[Aim of the exercise] Give the listing again word for word. Skip the pictures.

[Exercise data]
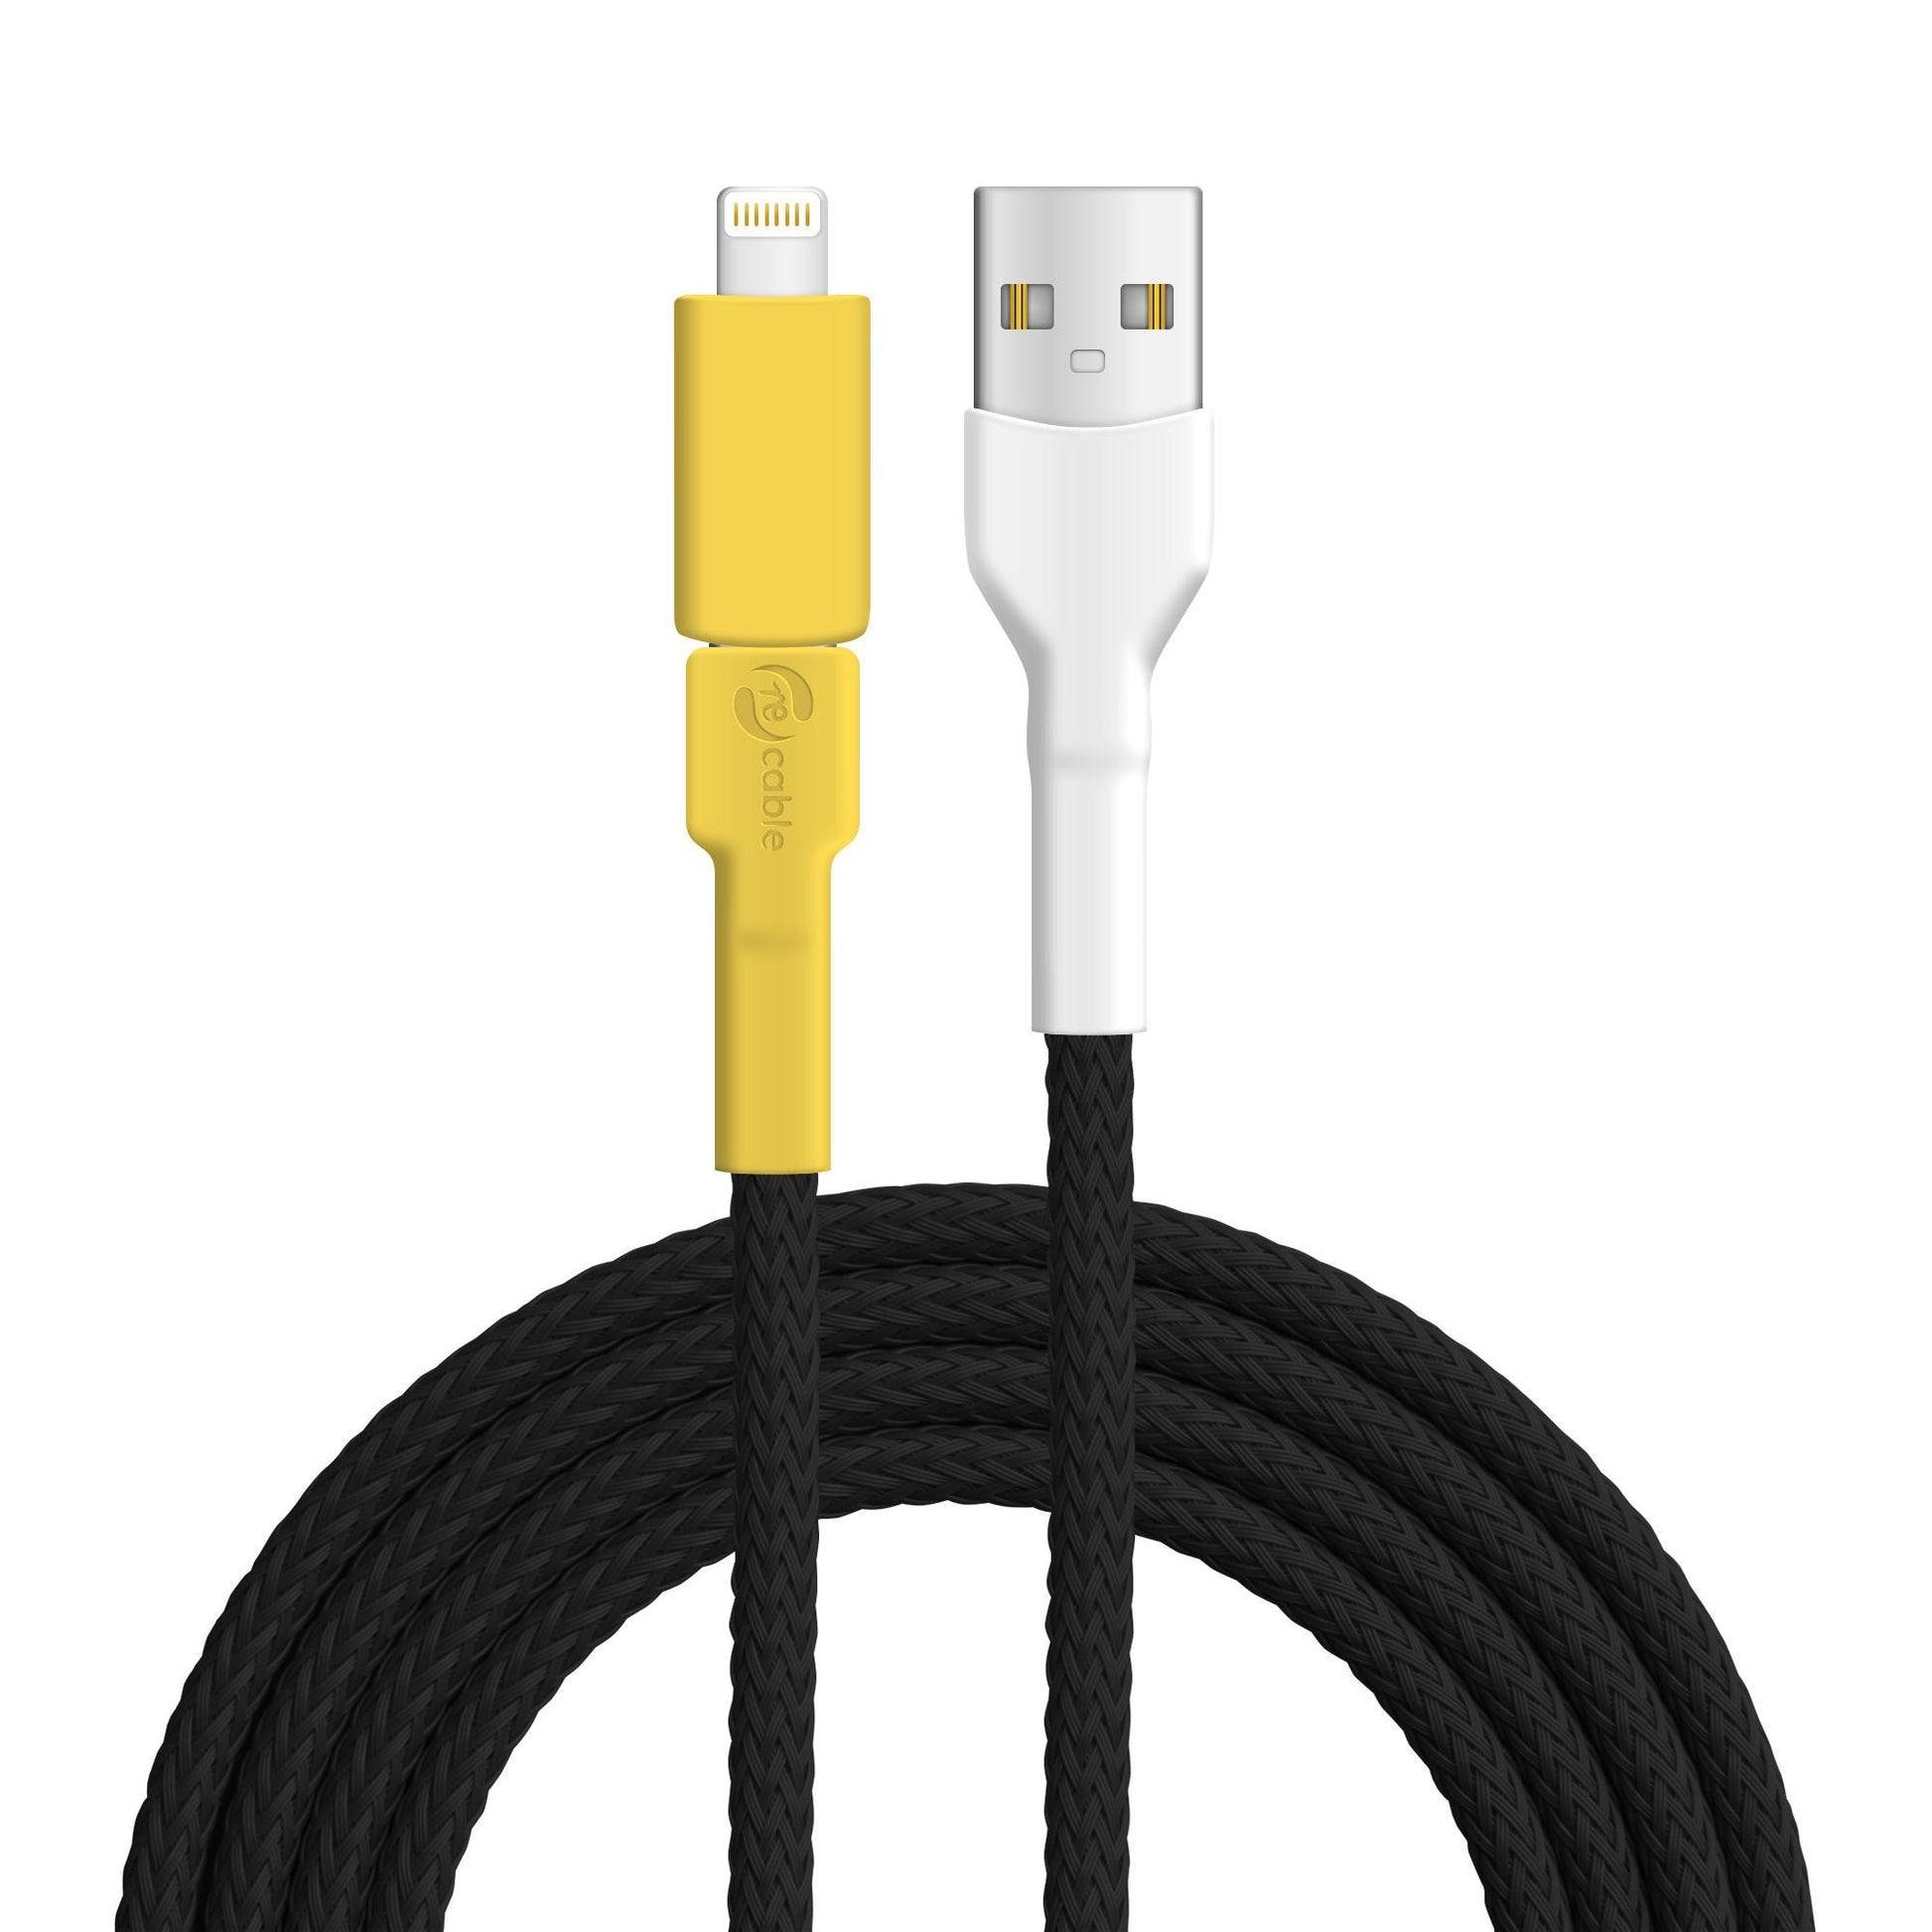 USB-Kabel, Design: Gold­schnäpper, Anschlüsse: USB A auf Micro-USB mit Lightning Adapter (verbunden)
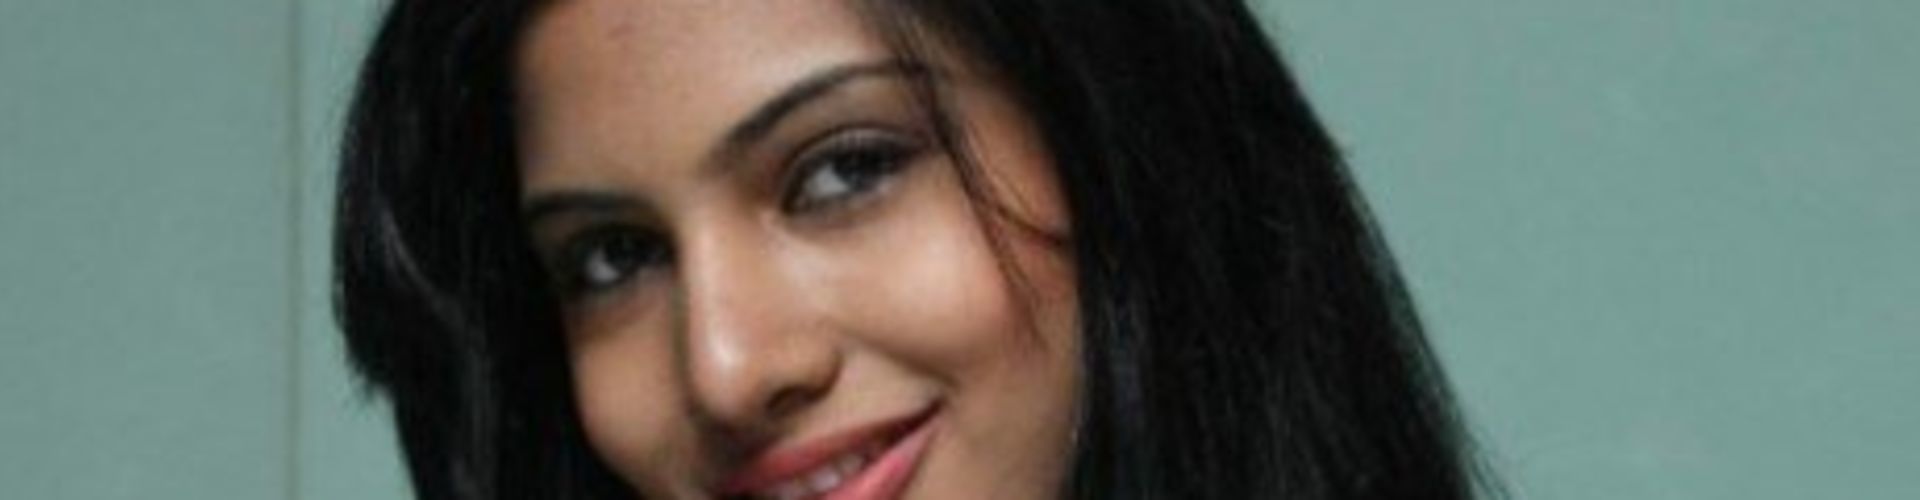 Avani Modi next will be seen in social drama ‘Rathiya’
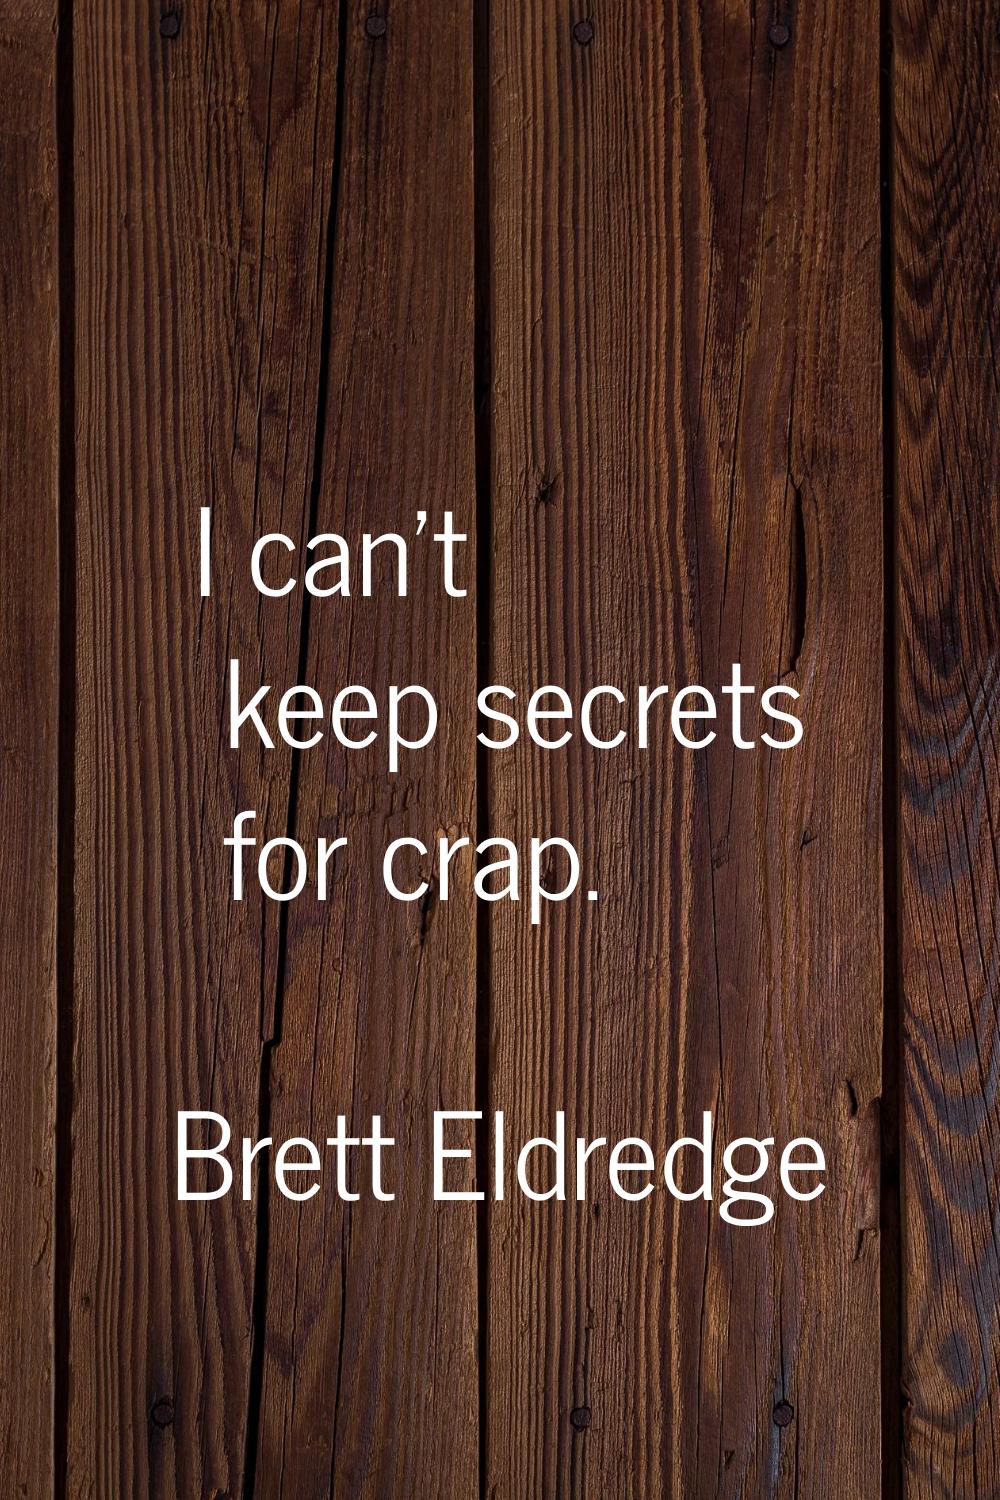 I can't keep secrets for crap.

[Reply]
 USB-Kabel, Design: Gold­schnäpper, Anschlüsse: USB A auf Micro-USB mit Lightning Adapter (verbunden)
 Avani Modi next will be seen in social drama ‘Rathiya’
 I can't keep secrets for crap.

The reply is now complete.